EU refiners call for action to unlock low-carbon investment

The EU Green Deal is at the heart of the EU economic recovery. Industries have an enormous opportunity to take bold climate action to meet society’s expectations and future-proof their businesses.

For one thing, EU refiners share the EU’s climate neutrality objectives and have confidence in their ability to develop low-carbon technologies at scale, to enable the progressive decarbonization of transport by 2050. But do investors, consumers and decision-makers share our confidence?

European business and consumer confidence hit rock bottom during the first wave. Despite a rebound, investments and consumption are forecast to be durably affected by what increasingly looks like a structural crisis, especially as a second wave has now overwhelmed most of the EU’s member states and some of Europe’s main trading partners.

‘We need a plan’ is what we often hear, and what we see in practice today, with stimulus packages being finally approved in Brussels and across Europe. Typically, with such plans, governments hope to restore confidence; but confidence is complex. It requires not only vision, but also an open dialogue, policy action and regulatory certainty.

We, EU refiners, have a plan of our own to deploy large-scale green investments to reach climate neutrality by 2050. Low-carbon liquid fuels can decarbonize transport, enabling all new and existing vehicles in road transport, aviation and maritime to be climate neutral by 2050.

Low-carbon liquid fuels are sustainable fuels from non-petroleum origin, with no or very limited net CO2 emissions during their production and use. At first blended with conventional fuels, they will progressively replace fossil-based fuels, living side by side with electrification, hydrogen and other emerging technologies.

The future of the refining industry is very different from what it is today. We see our future in a transformation of our manufacturing processes that will drive European leadership in critical low-carbon technologies, such as transesterification, thermochemical conversion, water electrolysis, pyrolysis and hydrothermal liquefaction.

Our ambitious plan will require investment of an estimated €30 billion to €40 billion until 2030, and the total investment needed is estimated between €400 billion and €650 billion by 2050.

Low-carbon liquid fuels will play a critical social and economic role in the EU. They will help maintain Europe’s industrial strength and jobs in the automotive sector, but also ensure social inclusiveness by enabling European citizens to access sustainable mobility throughout the EU. Consumer confidence is essential for this transition.

These measures will give customers a choice between low-carbon technologies, making carbon neutrality accessible to all.

We have an ambitious plan, based on robust data, building on R&D investments made by our industry, and setting a long-term trajectory enabling FuelsEurope’s member companies to put forward their own strategies to deploy low-carbon liquid fuels at scale.

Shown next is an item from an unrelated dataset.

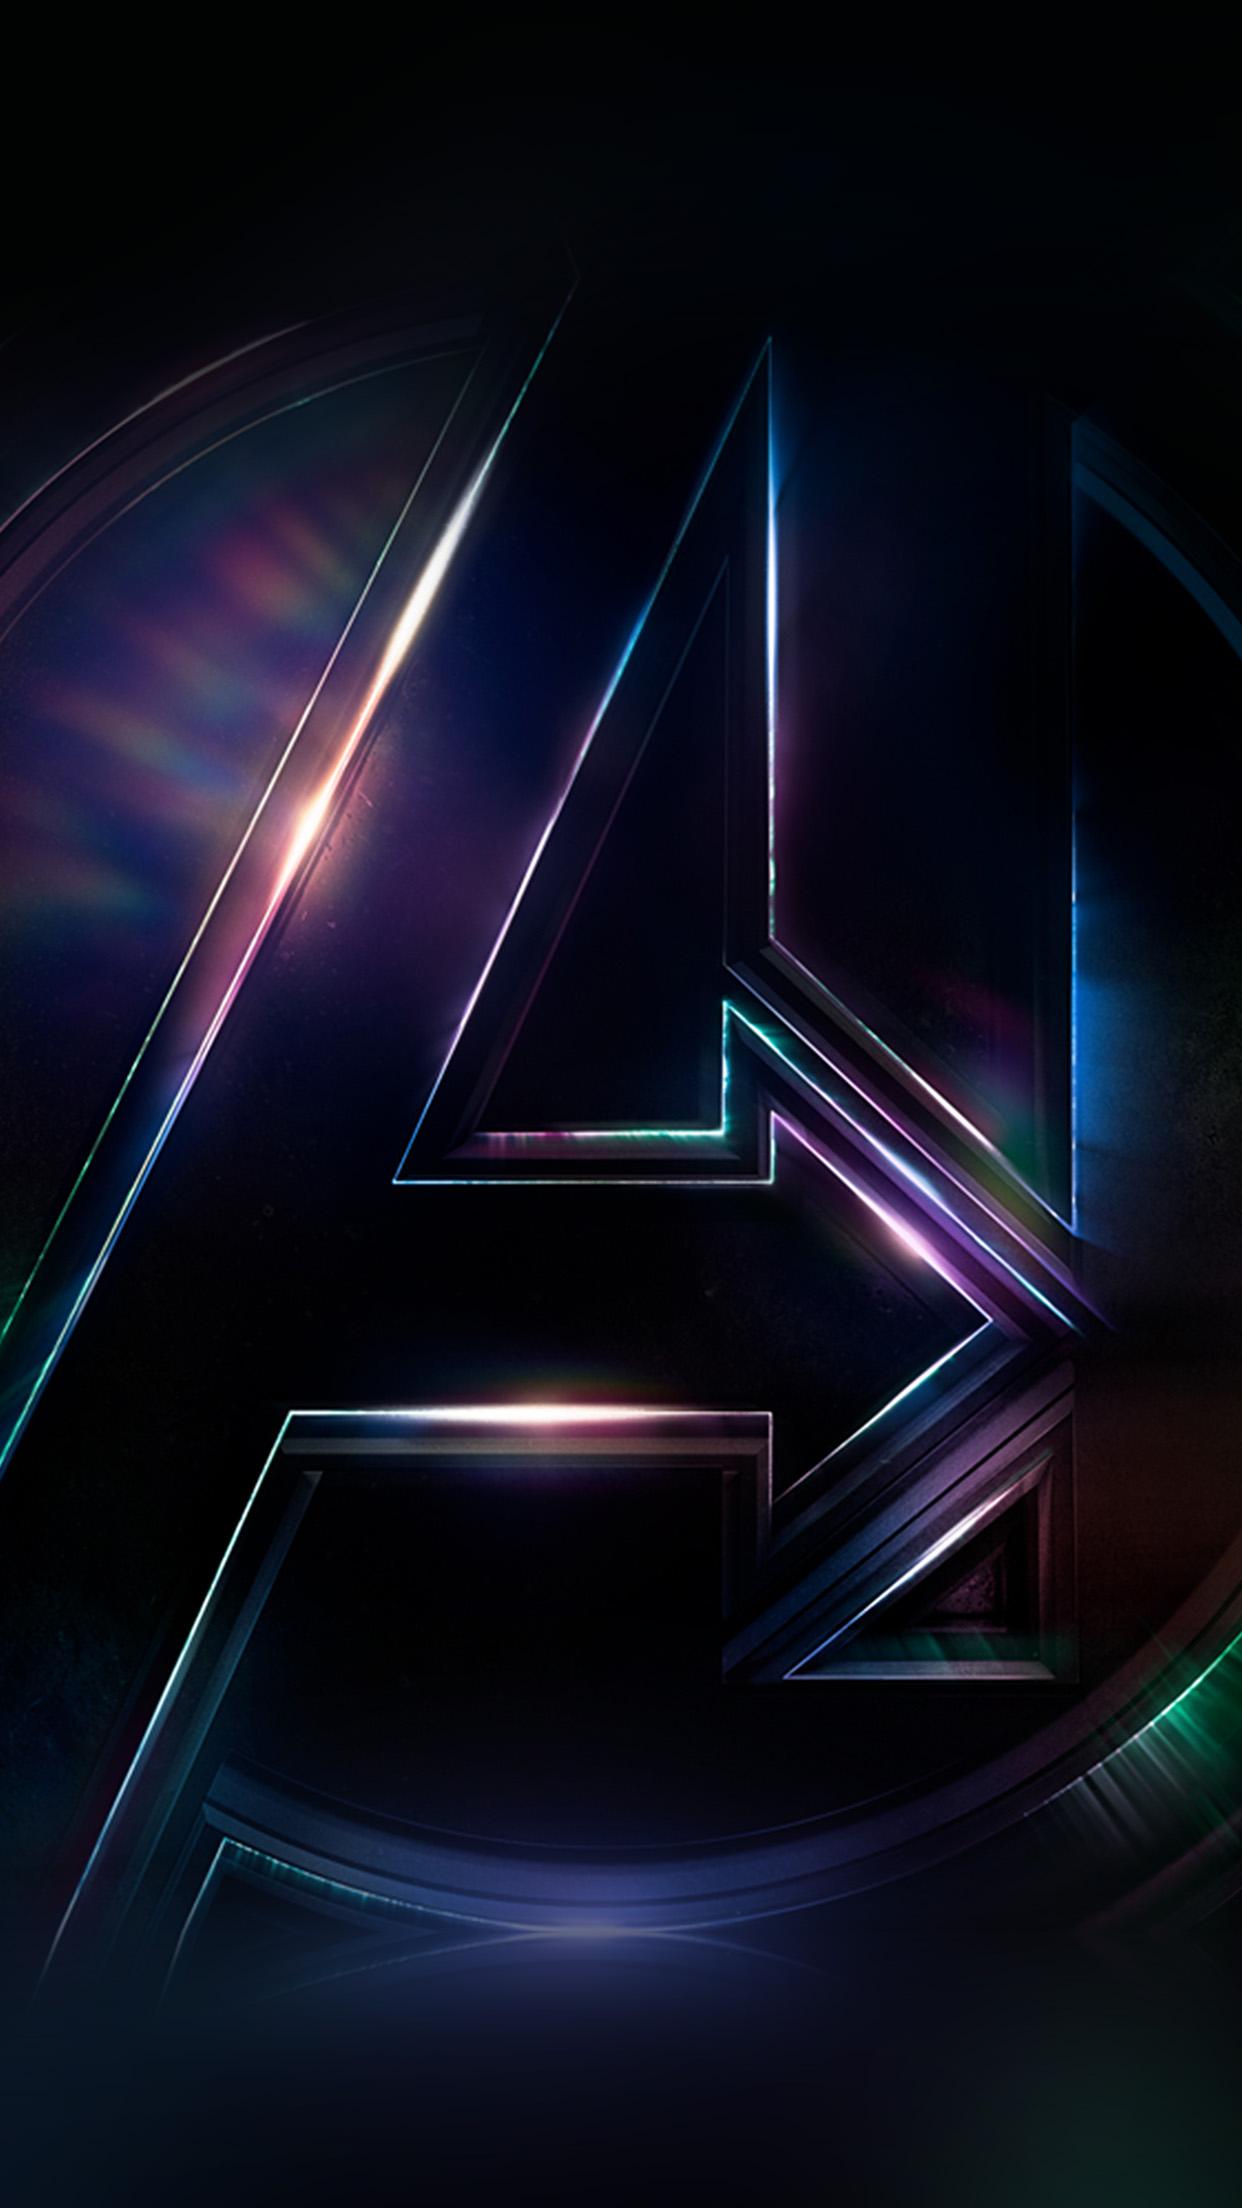 iPhone 6 wallpaper. avengers logo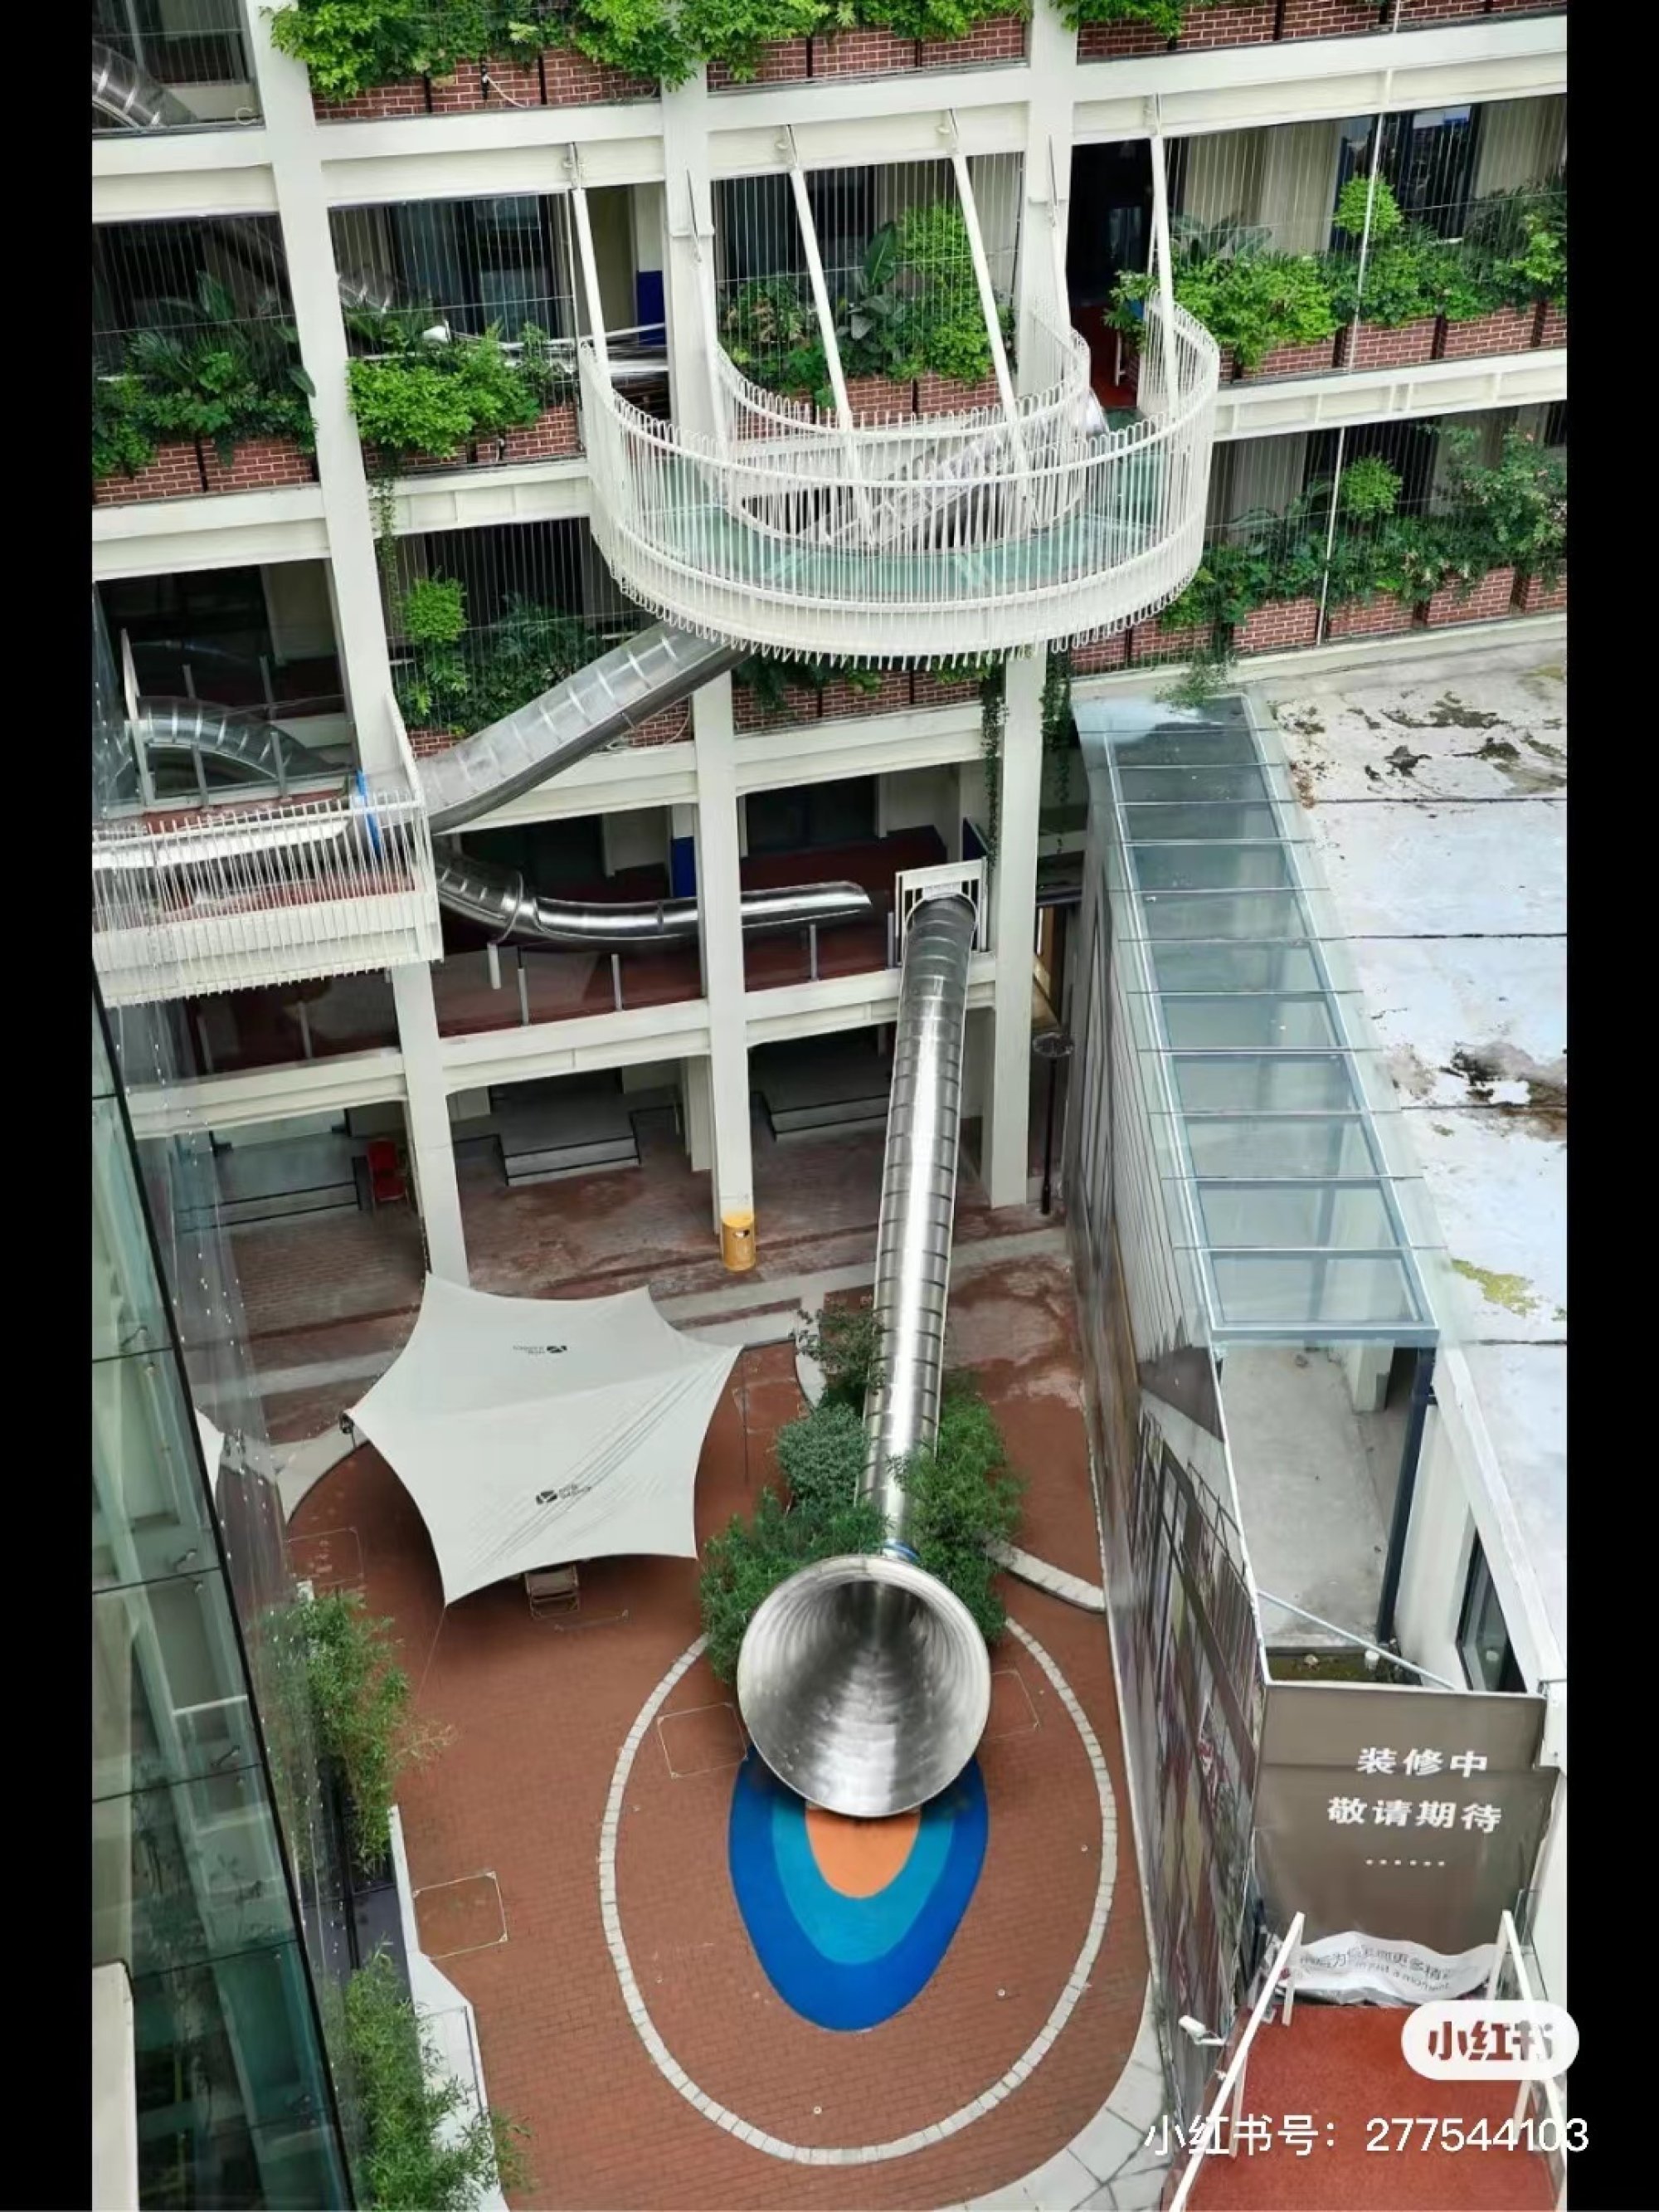 A bird’s-eye view of one of the slide exits. Photo: Xiaohongshu

Our success will however depend on multi-stakeholder dialogue and regulatory certainty — in short, on confidence.

Investors will only commit resources to support the development of disruptive low-carbon liquid fuel technologies if there is a business case and prospects for a profitable market. Today though, our regulatory framework does not permit this.

Urgent targeted policy action is needed to boost investor confidence and thus create the conditions for a recovery led by private investment.

To unlock investments, Europe needs the creation of a lead market for low-carbon fuels, with a significant carbon-price signal and multiple regulations must be amended to that extent. For instance, we must shift from outdated energy taxation to carbon taxation.

Zero or very low tax for low-carbon fuels would achieve the dual objective of keeping fuel prices socially acceptable and making a business case for investments.

In essence, investors must be given the best conditions to risk their capital, with confidence. This means ensuring technology neutrality, regulatory stability for the economic lifetime of their investment, protecting their investments from carbon leakage, and allowing access to public and private funds for climate-related investments.

This also means EU decision-makers must be pragmatic and inclusive when crafting their sustainable finance agenda. We have seen a real temptation to go for a binary view on what should be labelled as green and what should not.

But if a small refinery decides to invest in, say, a carbon capture facility, representing a real climate change mitigation value from that firm’s perspective, who says that investment does not merit support?

The EU taxonomy for sustainable activities must adopt a transitional, evidence-based approach, which reflects technological development, available renewable and low-carbon solutions, energy mixes and existing infrastructure. This is vital.

Low-carbon liquid fuels have a strategic role to play in the transition to a climate-neutral economy. We call on EU policymakers to launch a high-level dialogue, in order to create a policy framework that will drive confidence, build the necessary market demand and incentivize investments as soon as possible.

There is no time to waste. The next couple of years will be critical as policymakers work on legislation that will determine whether or not industries will be encouraged to unlock significant investment and accelerate climate action.